Wednesday, October 29, 2008

Make Tonight Family Game Night Until 8:30ET, In Defense of Baseball and the American Way

Potentially the Greatest Baseball Blunder Since Buckner in '86

There is no example in American history of a political showcase preempting the World Series, just as there is no example of a sporting event preempting an election.  They are once-in-a-lifetime events, and we previously, collectively, considered them to be greater than an individual.  Now I wonder if we should just insert 'Obama' between baseball and apple pie.

The very fact that the World Series schedule was already established at the time Team Obama made their media buys shows every indication that they are as out of touch as critics contend, but also that they are showing - again - their predictable ability to take their eye off the ball. 

A virtual cone of silence seems to have descended today within the advertising and entertainment trade press on the subject of Obama's infomercial that will air across several networks and is said to have cost the campaign between $3 and $5 million.  Still, I was able to find commentary from PRWeek's Ted McKenna, offering some take on the obvious downside of Obama's media blitz.

Enjoying a major cash advantage over the John McCain campaign, the Obama campaign has been able to place advertising in all sorts of unexpected places of late, including video games. Some political commentators wonder whether there might be a downside for the campaign in potentially irritating voters by the practically ubiquitous Obama advertising.

McKenna references Jeanne Cummings' 'Obama infomercial: Smart politics or risky overkill?' piece (Politico.com) in which she attempts to make the point that this strategy of a media blitz helps Obama to avoid "the filter of the media".  In fact, it is just as likely that the opposite will occur and that the media will be talking about this for the next few days in the analysis and commentary portion of the story's new cycle. 

Neglecting the realities of the news cycle will not be the greatest effect caused by this larger-than-life blunder.  It will be the backlash of a politicians greatest bugaboo - the loyal sports fan.

I offer the following encapsulated geography lesson for the Democrat nominee's edification.  If anyone has his - or David Axelrod's - email, feel free to forward.

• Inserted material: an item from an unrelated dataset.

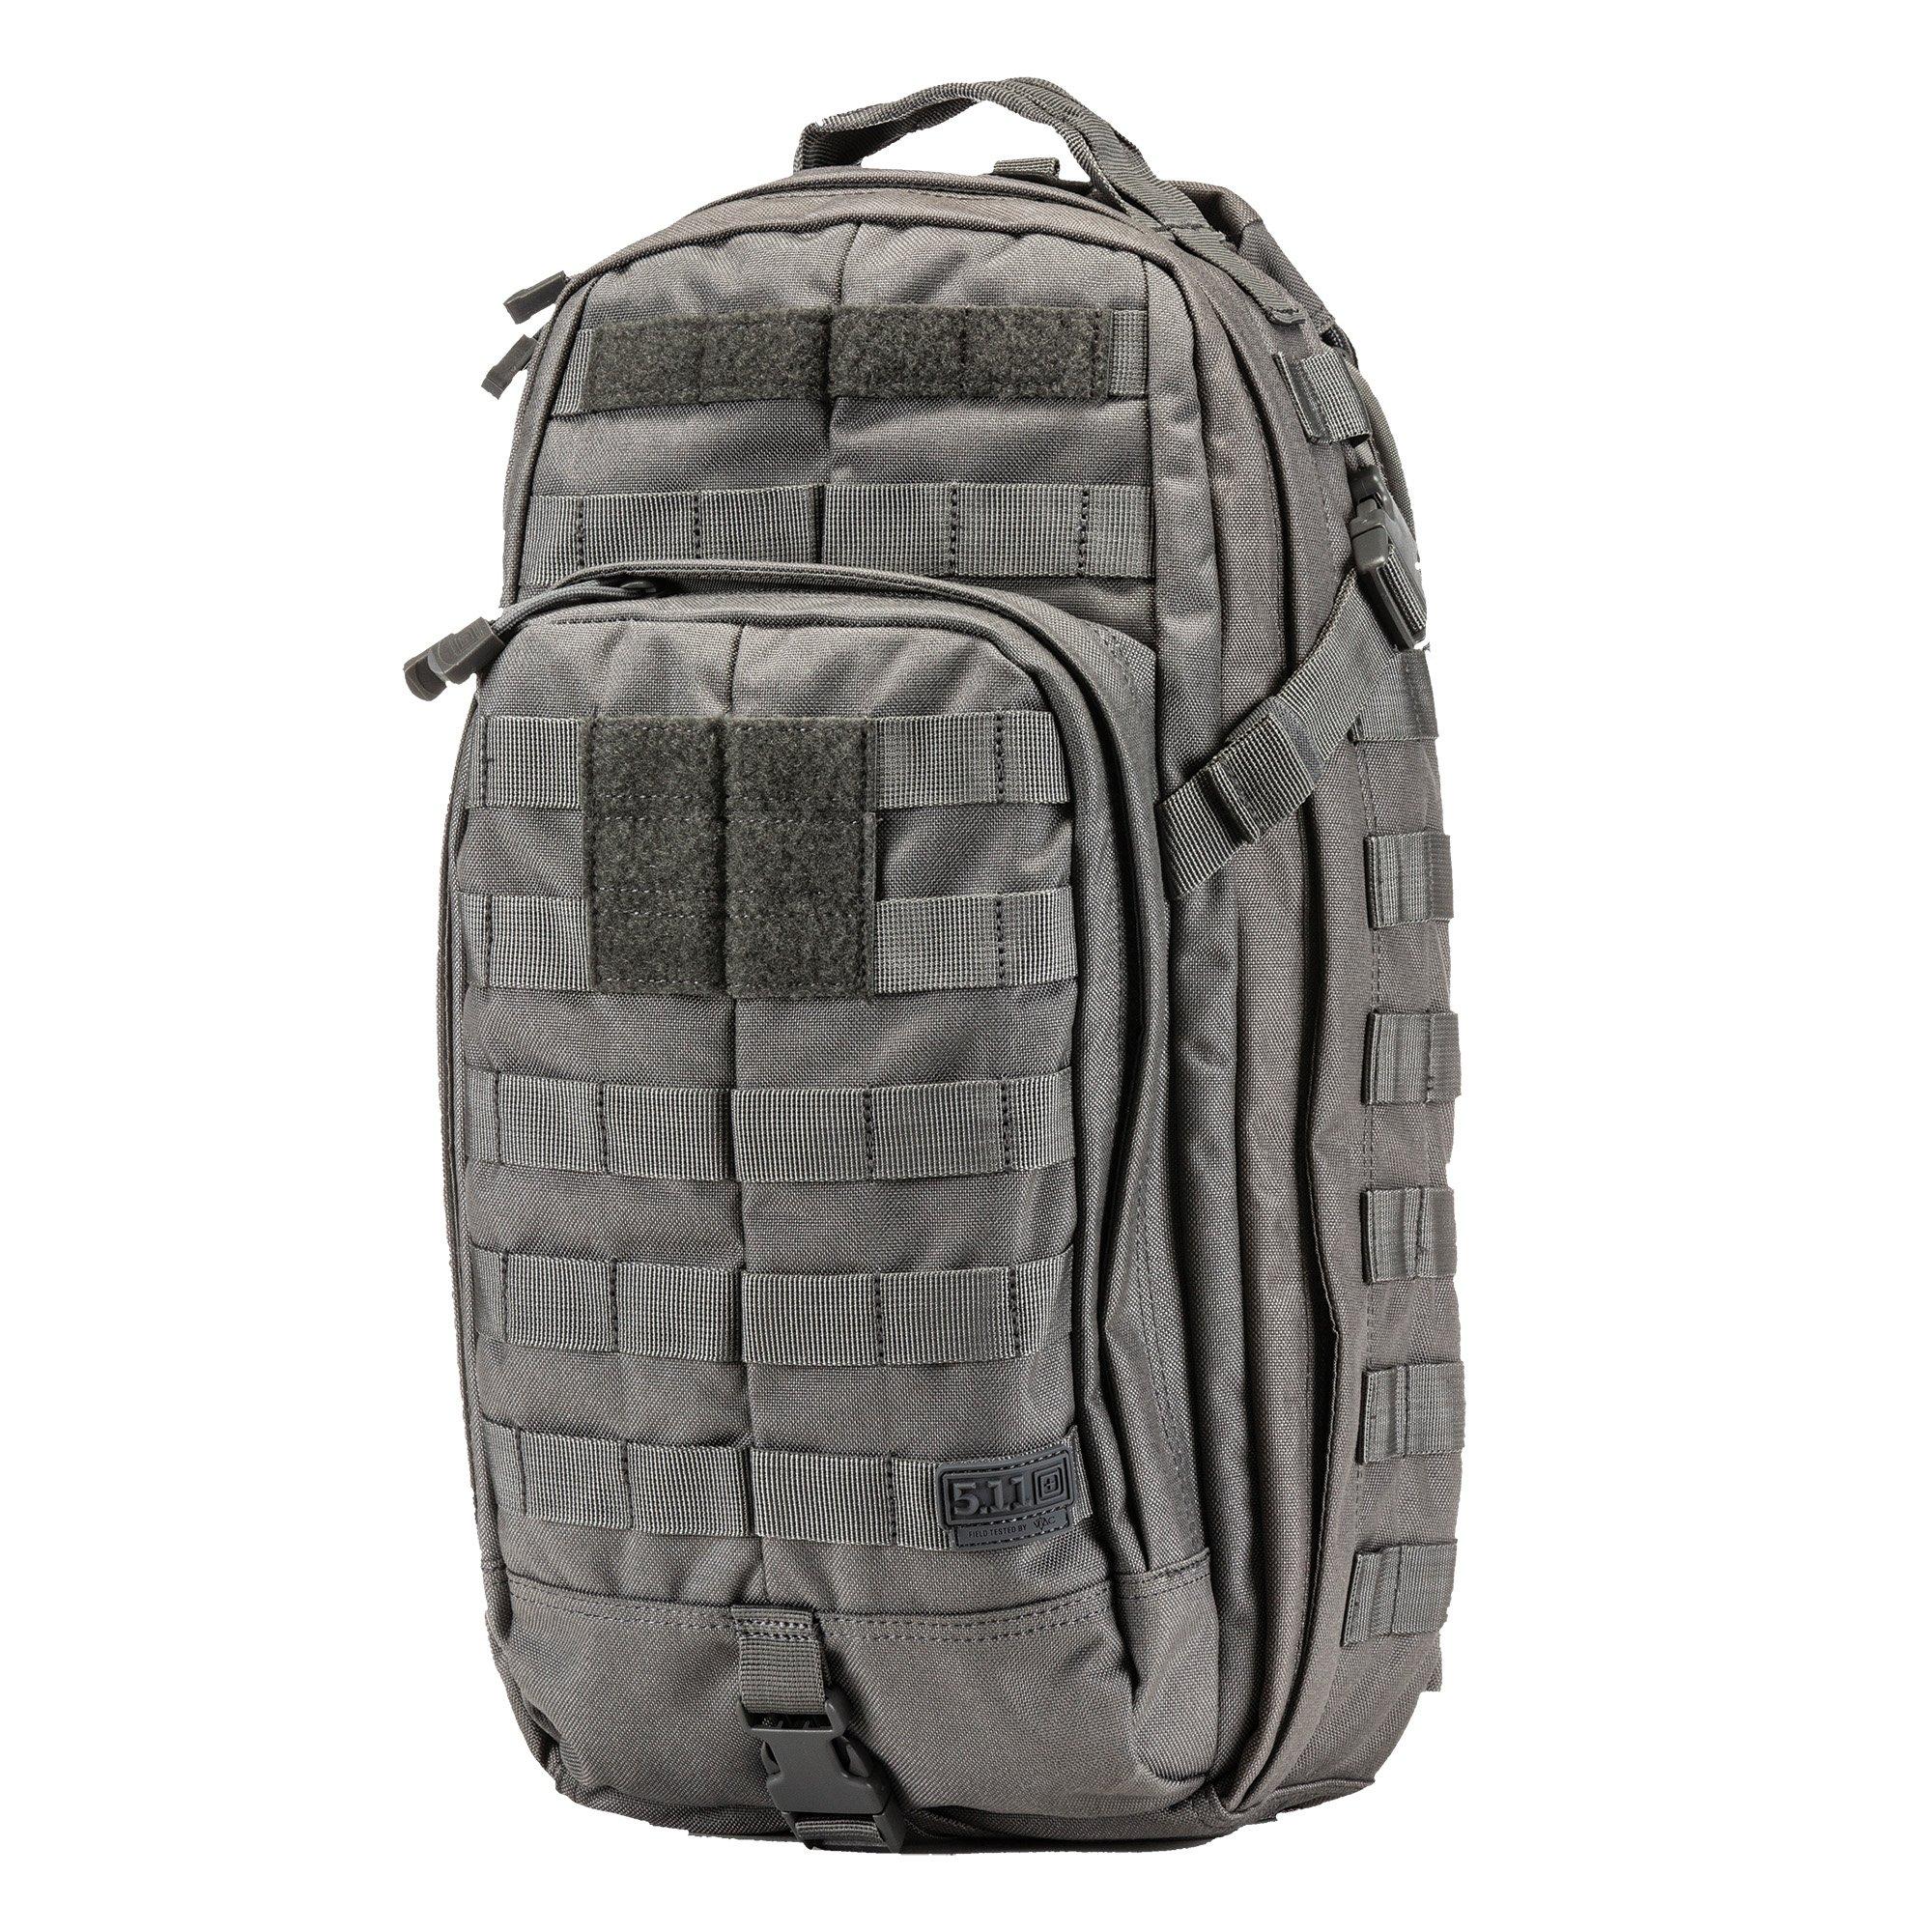 Balo 1 Quai 5.11 Tactical Moab 10
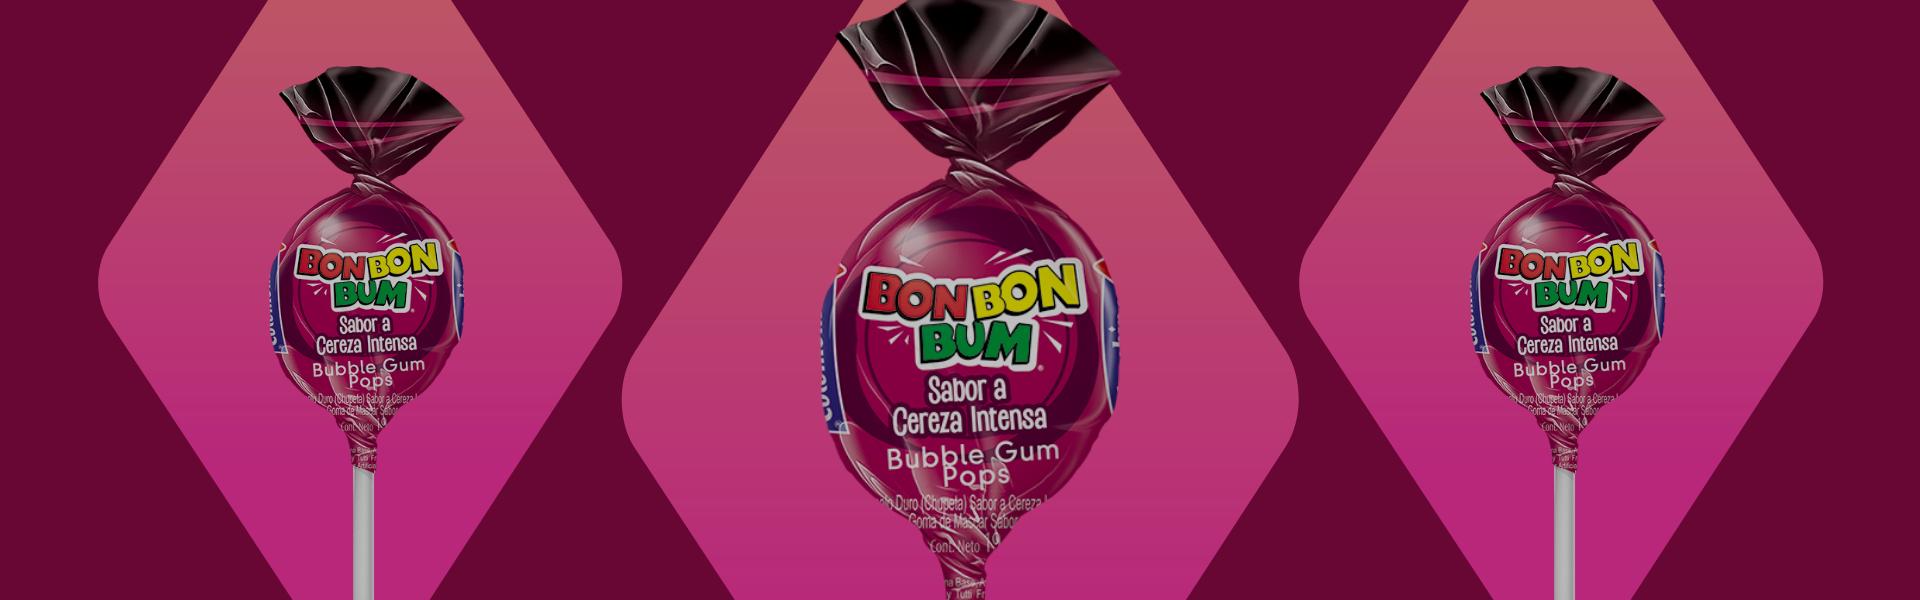 Histórico logro de Bon Bon Bum: ahora se venderá en Walmart en Estados Unidos

For many baseball fans (the last two World Series games received an a little more than 15 million viewers each) the baseball championship is an destination, not an event - a place to which they have been traveling for months, even years.  Nowhere is that more true than in Philadelphia, a city whose baseball franchise hasn't appeared in a World Series in fifteen years and hasn't been victorious in one since 1980.

The Philadelphia Phillies hail from...  Philadelphia, a large metropolis in the state of Pennsylvania.  Pennsylvania is a state in which Senator McCain has been gaining ground in the last week, a state that swung hard for Hillary Clinton and came in weak for Senator Obama in the primaries.

In the opposite dugout are the Tampa Bay Rays, whose fans are clinging on to hope that their team can fend off elimination and possibly play on to win their first championship.  Another point of geographic fact: Tampa Bay is in Florida, a state in which the McCain campaign has been gaining ground in the last week, a state that swung hard for Clinton and came in weak for Obama in the primaries, even though the Democrat Florida primary didn't officially count.

I asked myself a question: If my Seattle Mariners were in the World Series, set to play the clinching game and possibly bring the championship to Jet City, and General Motors showered the broadcasting network with enough cash to bump the baseball game for the airing of a half-hour advertisement for the new Yukon hybrid, I would be furious and it would negatively affect my feelings about GM.

When your name is Lenny Bruce you can get away with showing conceit for your audience, not if your name is Barack Obama.  In battleground states, walking on eggshells is standard operating procedure when you're the front-runner and inconveniencing sports fans just so you can broadcast another political ad that comes following a tsunami of political ads may just be enough of an irritation to sway precious votes.

Or not.  I could be wrong.  But if you were Barack Obama, would you feel like you need to take that chance?   

Senator Obama's has seriously overestimated the public's appetite for political theater, and similar misjudgments have often placed him in hot water during the campaign.  This time, the look for tiny bubbles forming in the pot as the Democrat nominee places himself ahead of the national pastime; and this gives Obama's opponents a chance to drive the temperature to 212 degrees Fahrenheit.  Meanwhile, John McCain will continue to smile and point to left field.

Batter up.

1 comment:

  1. Get real...John McCain has ZERO to smile about with 6 days left in the election. Your so-called 'article' is long on hyperbole and short on reality.